*** DATA SHOWN

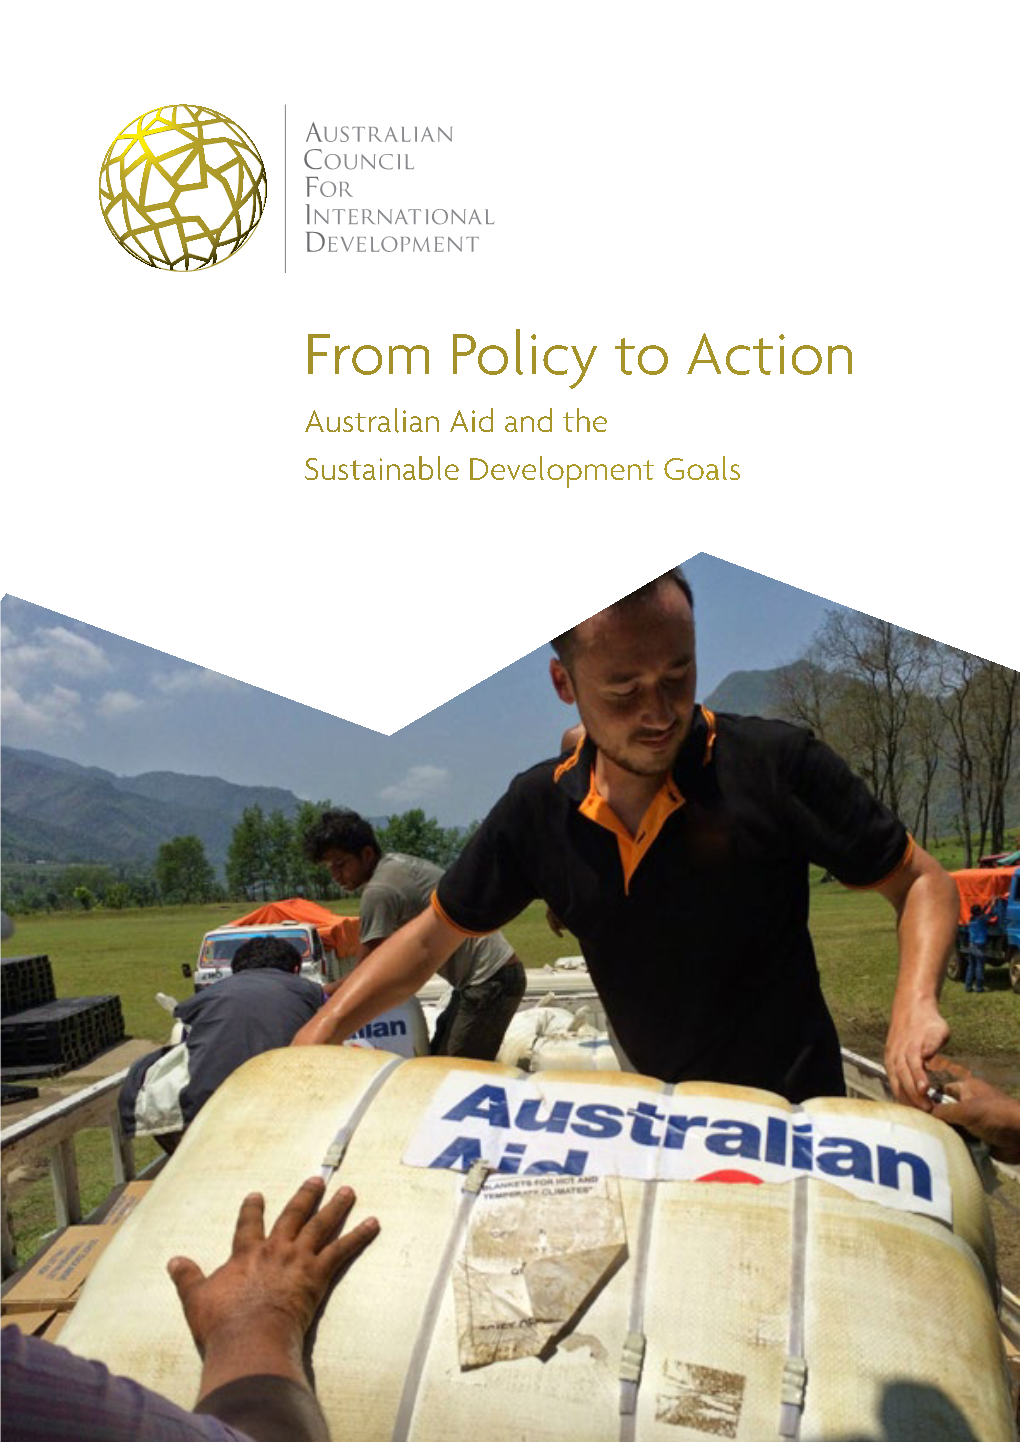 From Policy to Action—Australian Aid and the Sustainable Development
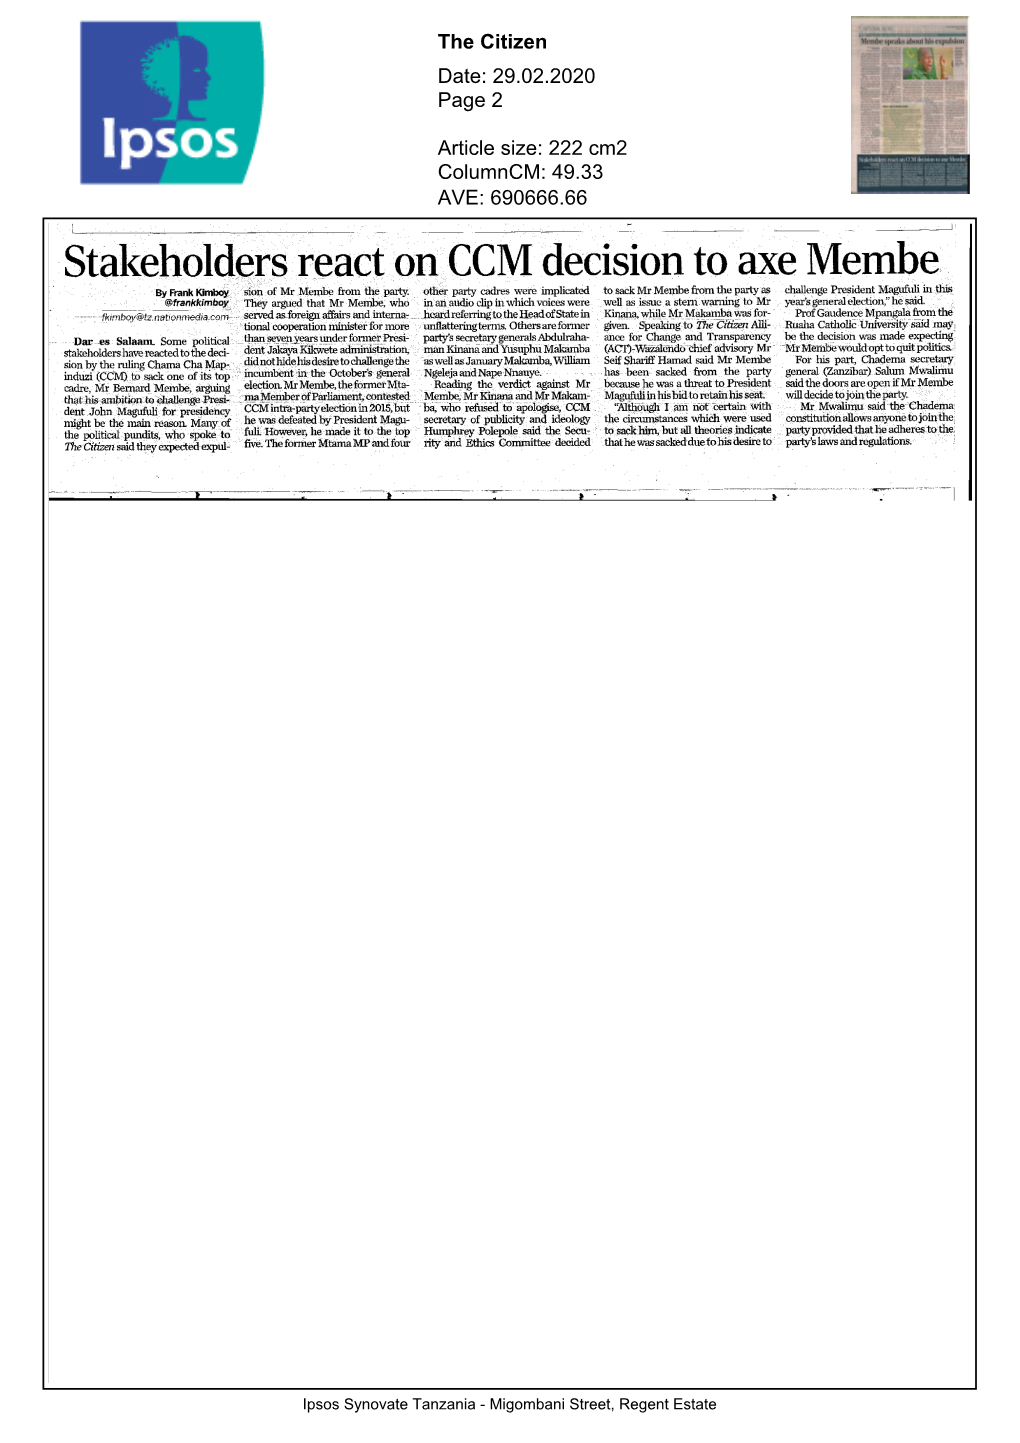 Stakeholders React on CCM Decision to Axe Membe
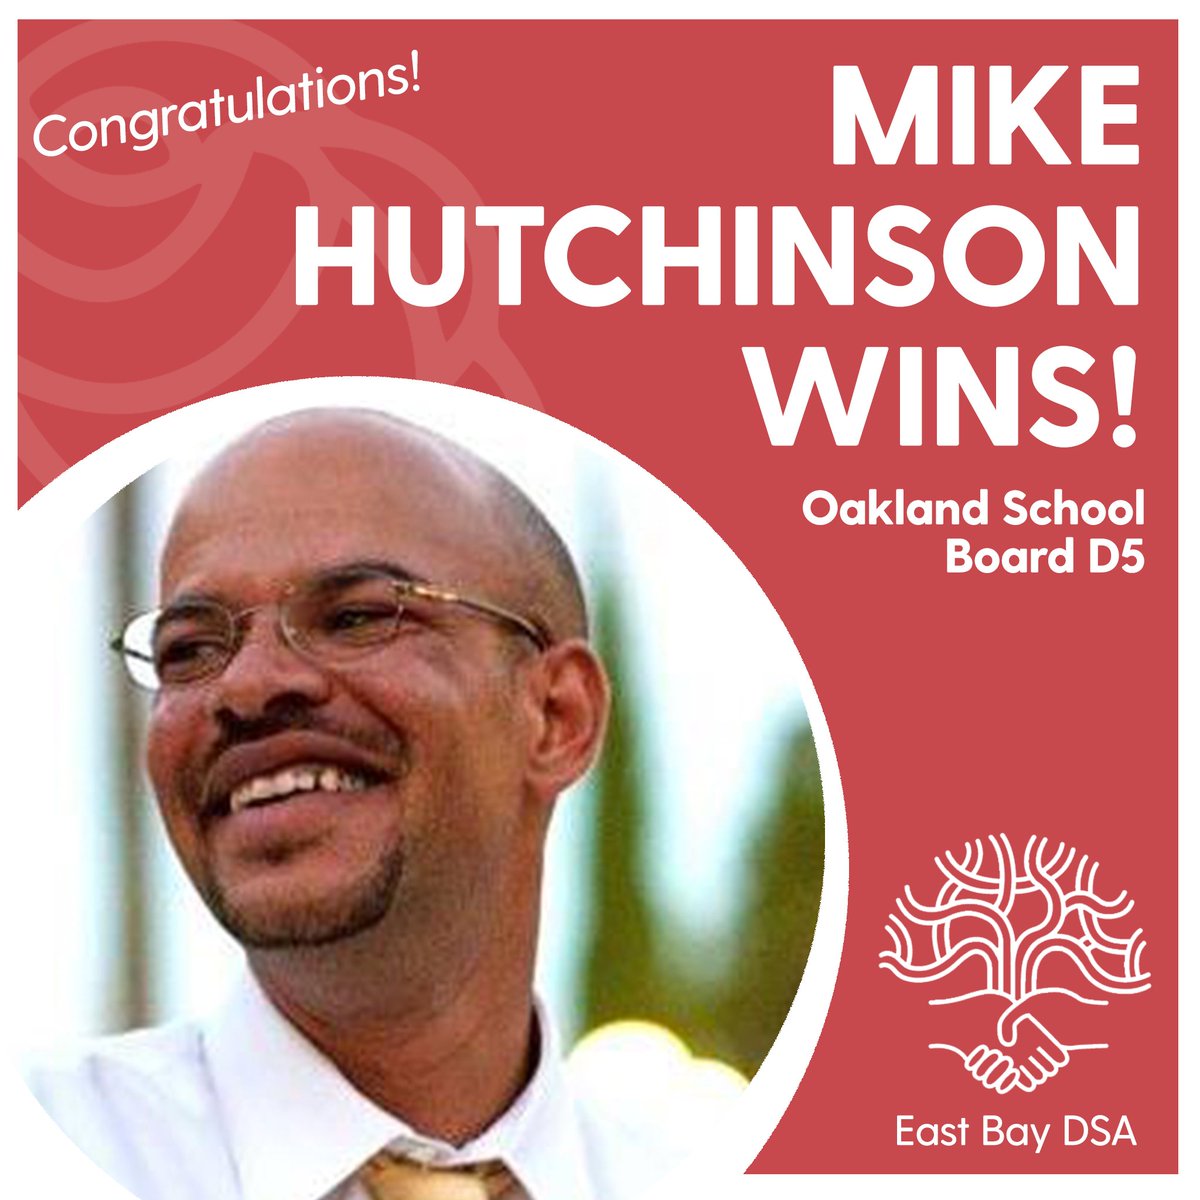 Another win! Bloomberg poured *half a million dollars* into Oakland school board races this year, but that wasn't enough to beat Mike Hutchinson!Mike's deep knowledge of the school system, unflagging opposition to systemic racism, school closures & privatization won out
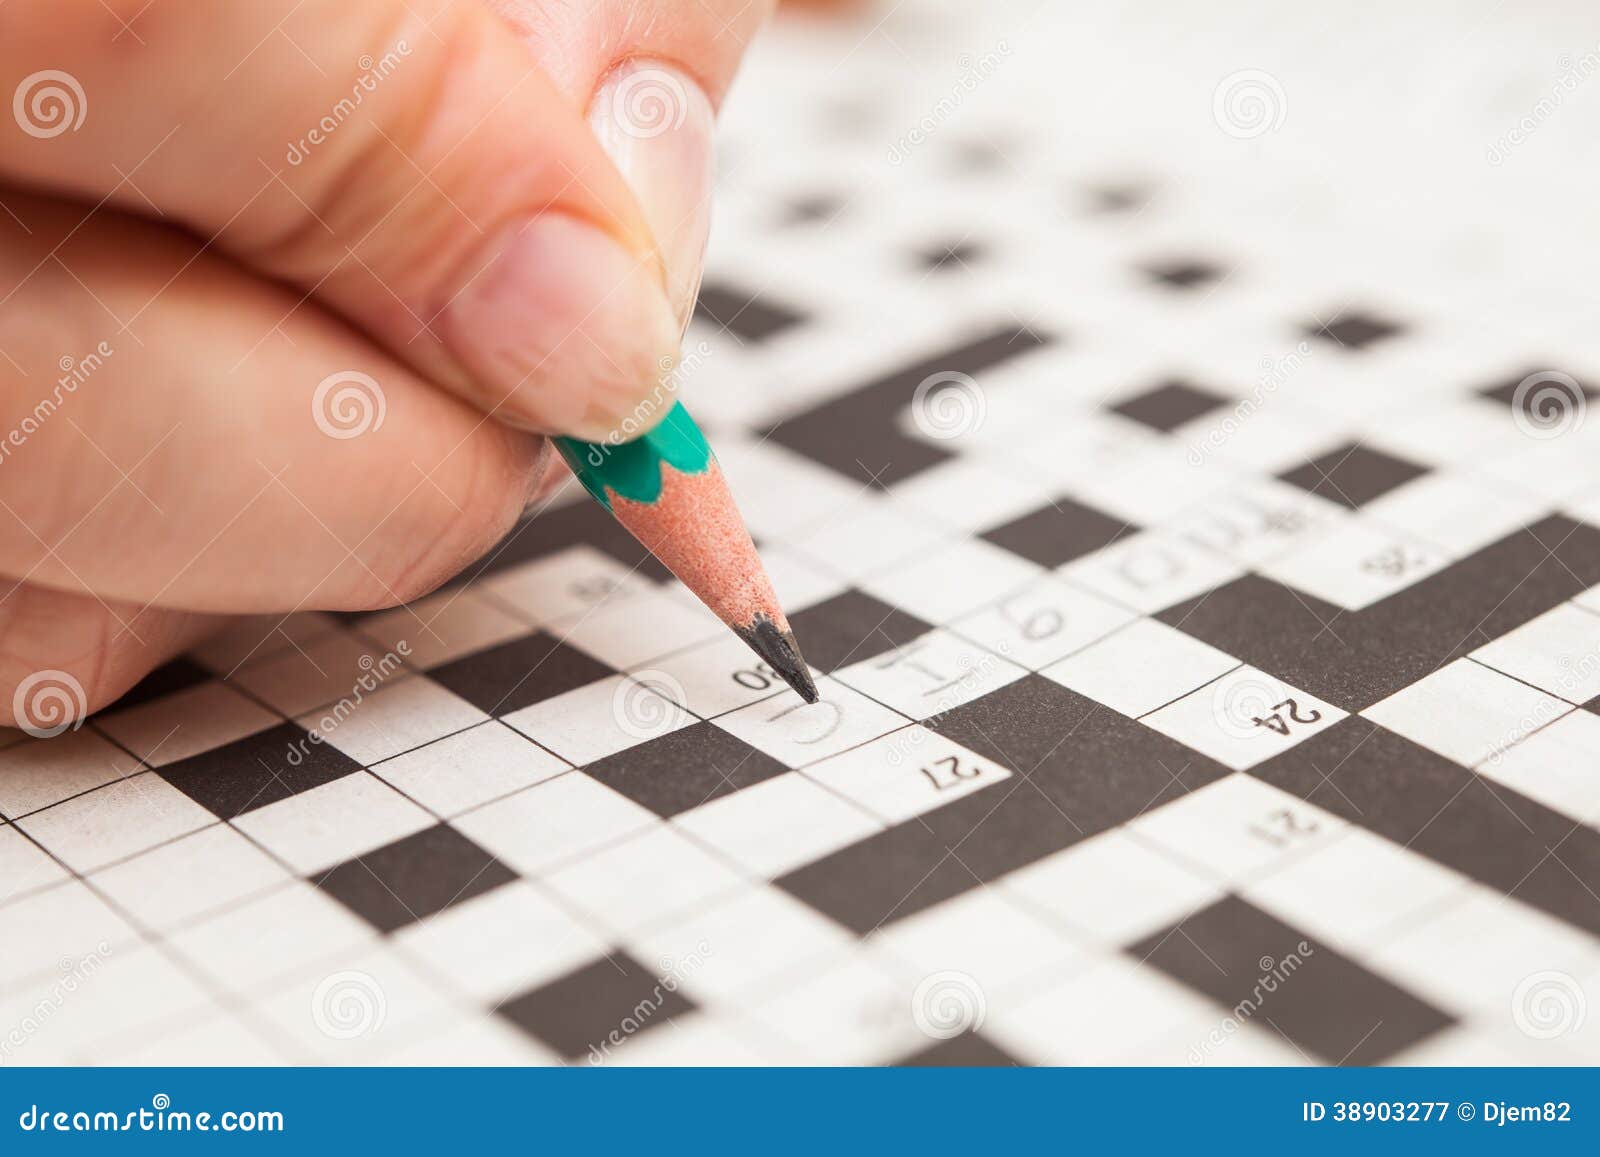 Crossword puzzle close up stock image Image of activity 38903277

******

◆ **YOUR ASSIGNMENT**
Please reproduce only the lines from the one holding "Another win! Bloomberg" through the final line of the listing above, both included, with each picture left out.

◆ **EXERCISE OUTPUT**
 Another win! Bloomberg poured *half a million dollars* into Oakland school board races this year, but that wasn't enough to beat Mike Hutchinson!Mike's deep knowledge of the school system, unflagging opposition to systemic racism, school closures & privatization won out
 Crossword puzzle close up stock image Image of activity 38903277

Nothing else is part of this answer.